The guidelines below should be considered in case of emergency meetings.

There are many urgent and important situations that may require an emergency meeting, including severe customer-impacting issues, security breaches, or any other time-sensitive situation that has a clear and serious business impact. In these situations, it is most efficient to call an emergency meeting to resolve the issue as quickly as possible.

Video Call

Calls should be organized as soon as it becomes clear that there is a business impact. Calls should also be considered when there is more than one parallel discussion in chat. While we hope to resolve most of our incidents in our #incident-management room in Slack, there will be situations where a call is necessary.
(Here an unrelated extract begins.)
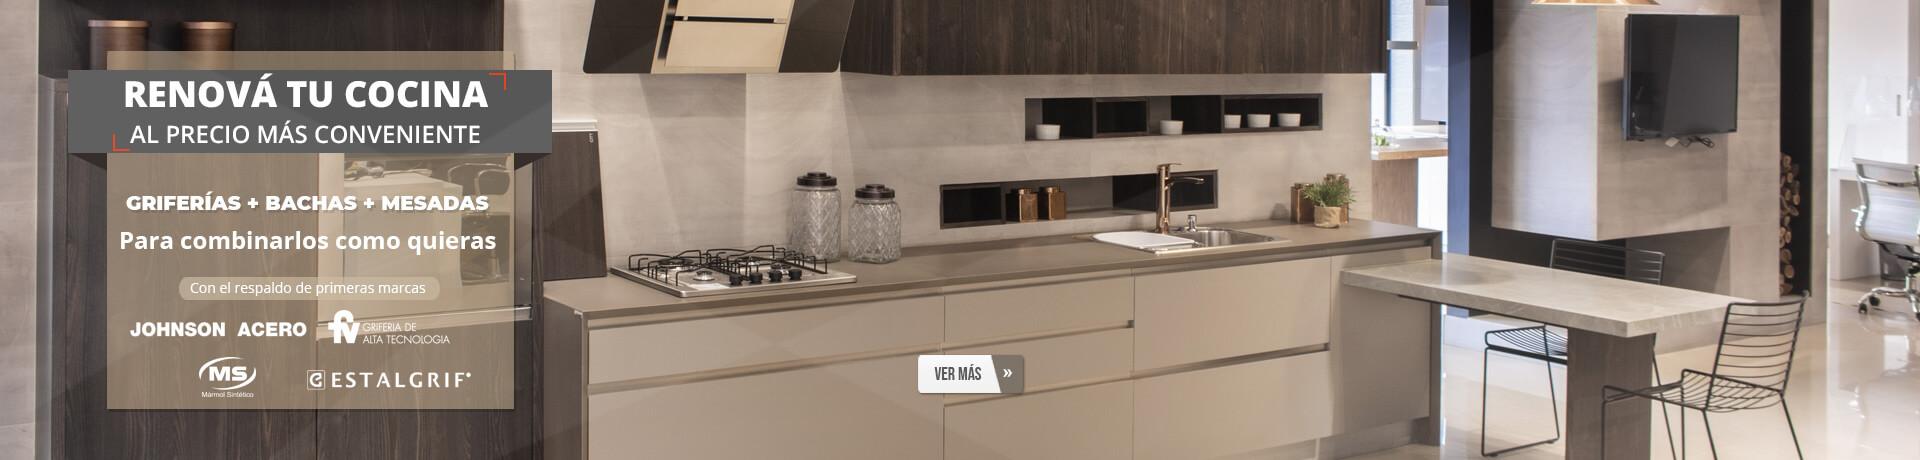 renova-cocina-desktop

Having a call with more than two people will streamline the communication and make it easier to follow the discussion.

Anyone is welcome to join the call. People that have expertise related to the emergency meeting are encouraged to join. Everyone is welcome to contribute to the discussion, however the team members with direct involvement in the incident should be the ones leading the emergency resolution.

That does not mean that people outside of the team cannot contribute or even step in. In an emergency situation it is easy to develop tunnel vision. This means that even persons with no subject knowledge can help by pointing to behaviours that do not lead towards resolution.


Every emergency meeting has to have a written trace. When the call is started, open up a new Google Doc. If a new person joins the call or if it is necessary to share this information further, it is much more efficient to have all the information in one place.

This document has to be open to everyone with the link by default.

If the document needs to be made private, the first header in the document needs to describe why this is the case.

Transparency has a practical side; anyone who joins the call does not need to request access to the document. If the incident has to be publicized, the document will introduce the topic to people outside of the company the same way as it did to the people inside of the company. Remember that Transparency is our core value.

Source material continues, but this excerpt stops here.